In a discussion with Aly on discord, the following bit of code came up and compiled:
class A[C^](c1: C)
I find it very hard to understand what this code means - in fact, it feels like this shouldn’t compile, because we’re using a capset variable in place of a concrete type.
Can anyone explain how to understand what type c1 is?
I must admit I have no real understanding of capture sets, but in Scala a “decoration” on a type without the type usually means that Any is being decorated
For example {val x: Int} =:= Any{val x: Int}
So you’re saying this might mean:
class A[C^](c1: Any^{C})
Or did I misunderstand?
Yes I think so, but it does seem weird upon closer inspection
The C^ in unbound type param position I guess means that you require c1 to be a capability. Reading from the doc pages here
“The type of a capability must be a capturing type with a non-empty capture set”
So:
The first expression does not compile because c1 does not have a non-empty capture set. The second expresion compiles becasue it is of the “fallback” type CapSet
The type of a capability must be a capturing type with a non-empty capture set
This is where the vocabulary gets a little confusing (for me), by the way - C is not a capability in the sense of inputs to context functions, and I get confused about which kind of capability we’re talking about - the ones from capture sets, or the ones for actual capabilities?
This has led to people asking me surely A^{Rand} is the same as Rand ?-> A…
But to your answer: so C^ here is basically C <: CapSet. This I had gathered through @Aly 's experiences (and the fact that it’s stated explicitly in the doc once I figured out how to read it). But I would, perhaps naively, expect [C^] to mean that C only appears as a capture set, and to fail to compile if it’s used as a type, and [C <: CapSet] to express the subtyping constraint. Simply for clarity for users.
So, in my head:
class A[C^](c: C) // does NOT compile
class A[C <: CapSet](c: Foo^C) // does NOT compile
class A[C <: CapSet](c: C) // does compile
class A[C^](c: Foo^C) // does compile
I’m not trying to imply that it’s how it should be, merely how it was in my mental model and how I end up getting confused, again.

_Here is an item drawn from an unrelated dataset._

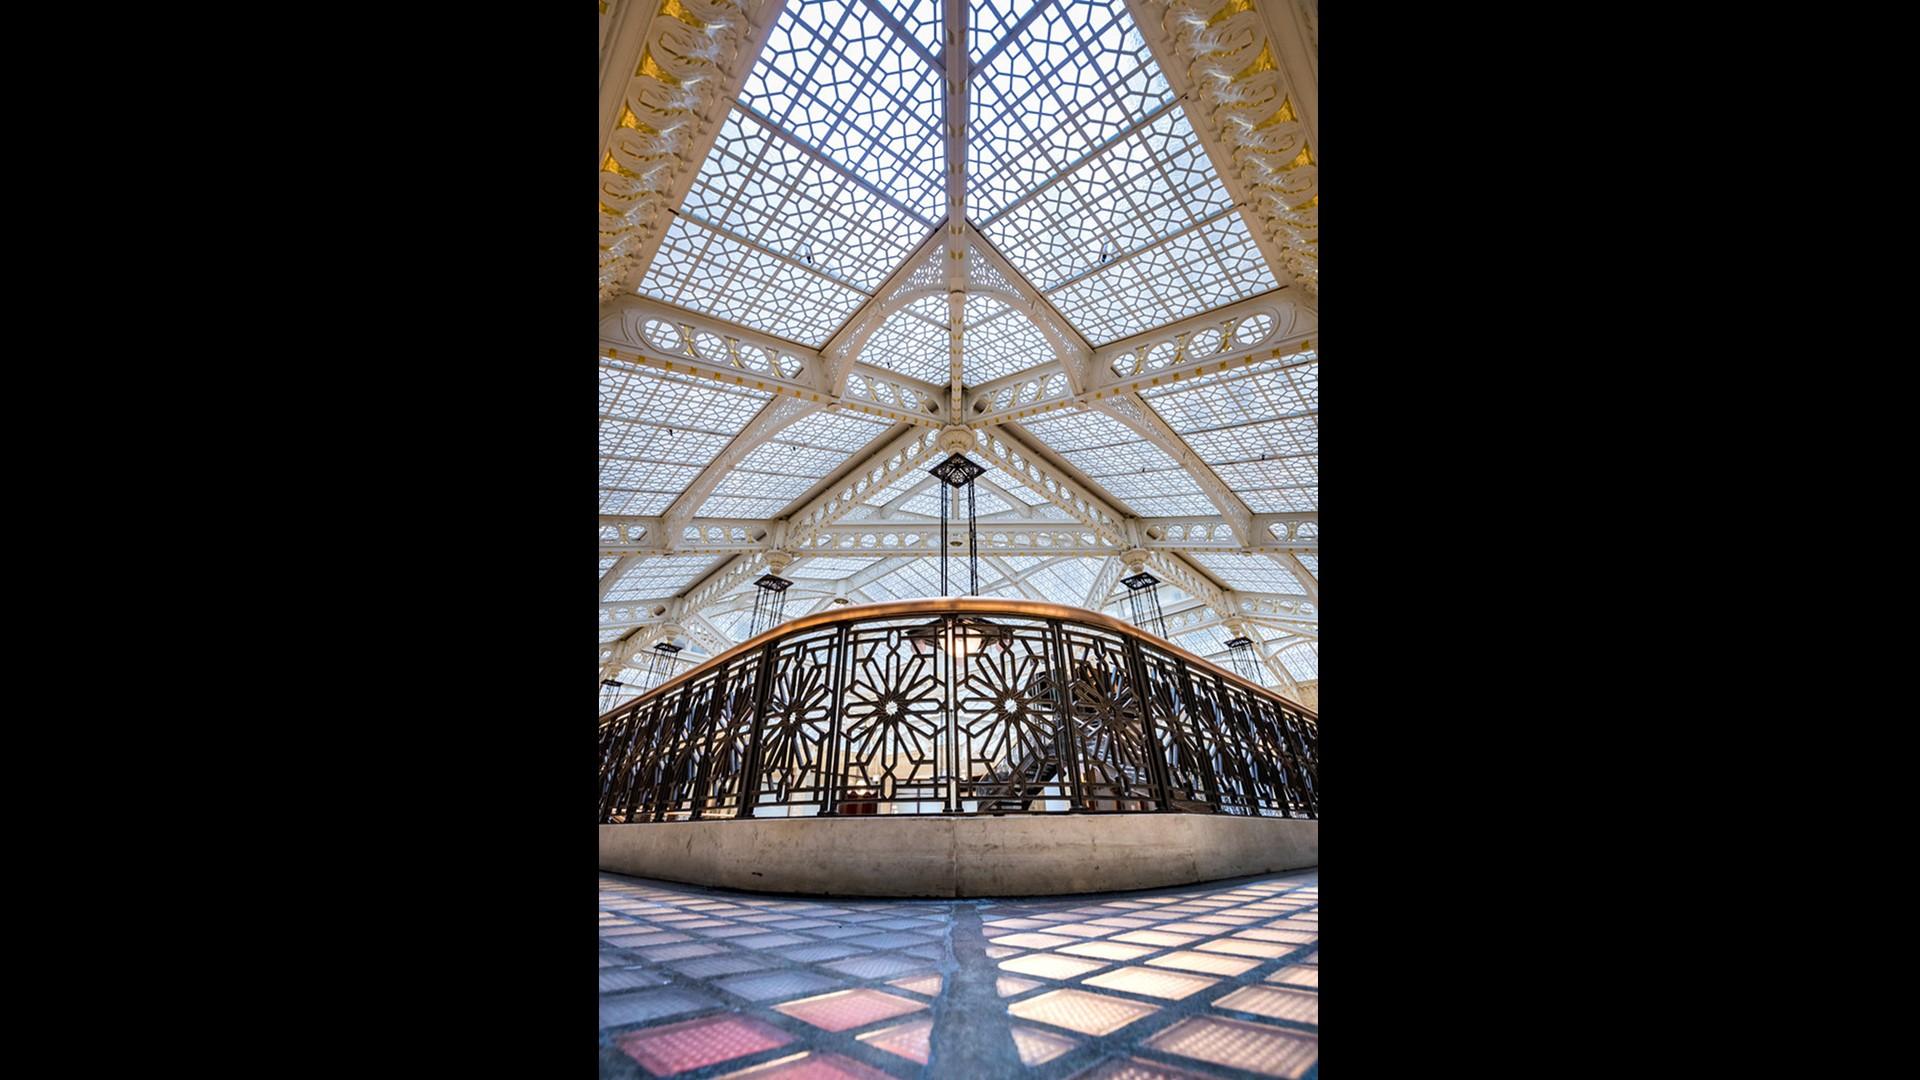 Architecture | Photographer: Jeff GoldbergCurator: Steven Inglima

I guess you may be confusing the type and term level. A capture set contains terms that must be capabilties (so the are of a type that is a sub-type of CapSet). So C is not a capabilty (it is a type with a non-empty capture set), but the term c1 must be a capability as you said it is of type C^.
(I hope I’m right… not 100% sure)
Mmm… this is how I understand it, but I’m very open to the idea of being wrong:
[C^] is a capture set, which is conceptually not a type, but something you use to decorate types with (although yes, internally, it is a subtype of CapSet).SharedCapability and its siblings. It’s really a set of tracked terms.C, in our example (that is, [C^]), is not, I think, a type with a non-empty capture set, but an actual capture set - what the documentation refers to as capability polymorphism. And my original question is about how confused I am that it can also be used as a type.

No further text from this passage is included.